Award-winning Andrew O'Hagan reveals WikiLeaks founder's behaviour $2.5m book deal imploded because Assange changed his mind O'Hagan found him inconsistent, vain, funny, proud - a Peter Pan

By Abigail Frymann

PUBLISHED: 12:26 EST, 22 February 2014 | UPDATED: 12:41 EST, 22 February 2014

The writer who was working with Julian Assange's failed 2011 autobiography has for the first time described what it was like collaborating with the WikiLeaks founder who he found by turns inconsistent, passionate, funny, lazy, courageous, vain, paranoid, moral and manipulative.
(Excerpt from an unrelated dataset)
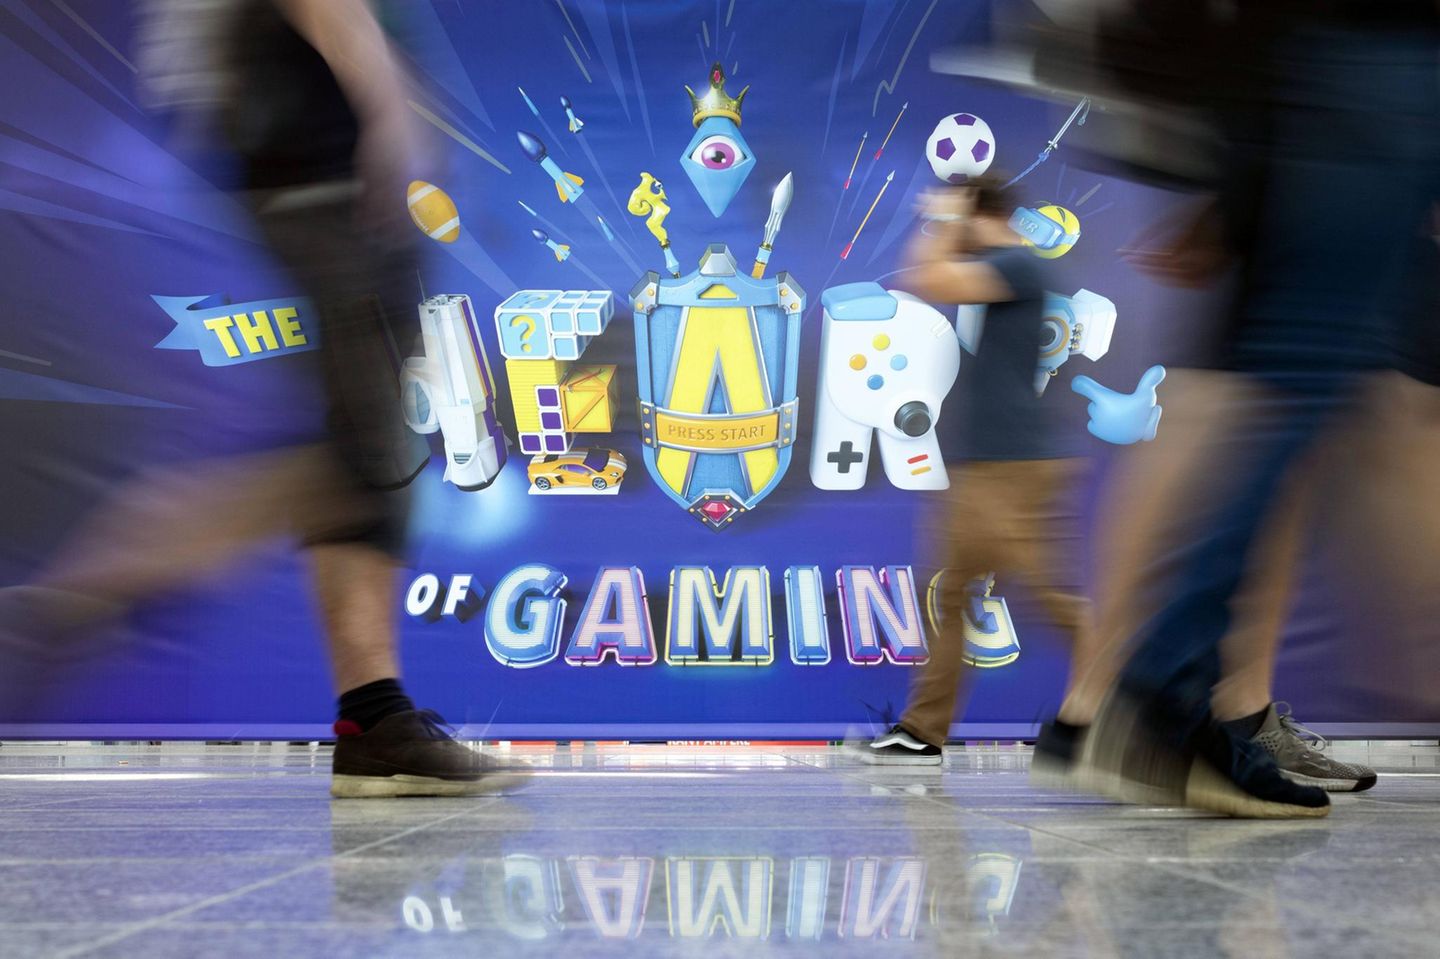 Besucher der weltgrößten Computerspielmesse Gamescom 2019 in Köln. Pandemiebedingt findet die Messe seitdem nur noch virtuell statt

Andrew O'Hagan, an award-winning, Booker-nominated writer, was drafted in by publishers Canongate to ghost-write but as the deadline loomed Assange was increasingly uncomfortable about the whole venture and one of the highest profile book deals of recent times collapsed.

Canongate had sold books in more than 40 countries for a staggering US$2.5m before the deal imploded.

Complex: Wikileaks founder Julian Assange, whose behaviour O'Hagan sheds light on

O'Hagan told his story in a lengthy essay for the London Review of Books, a version of which he delivered in a lecture in London last night, the Guardian reported.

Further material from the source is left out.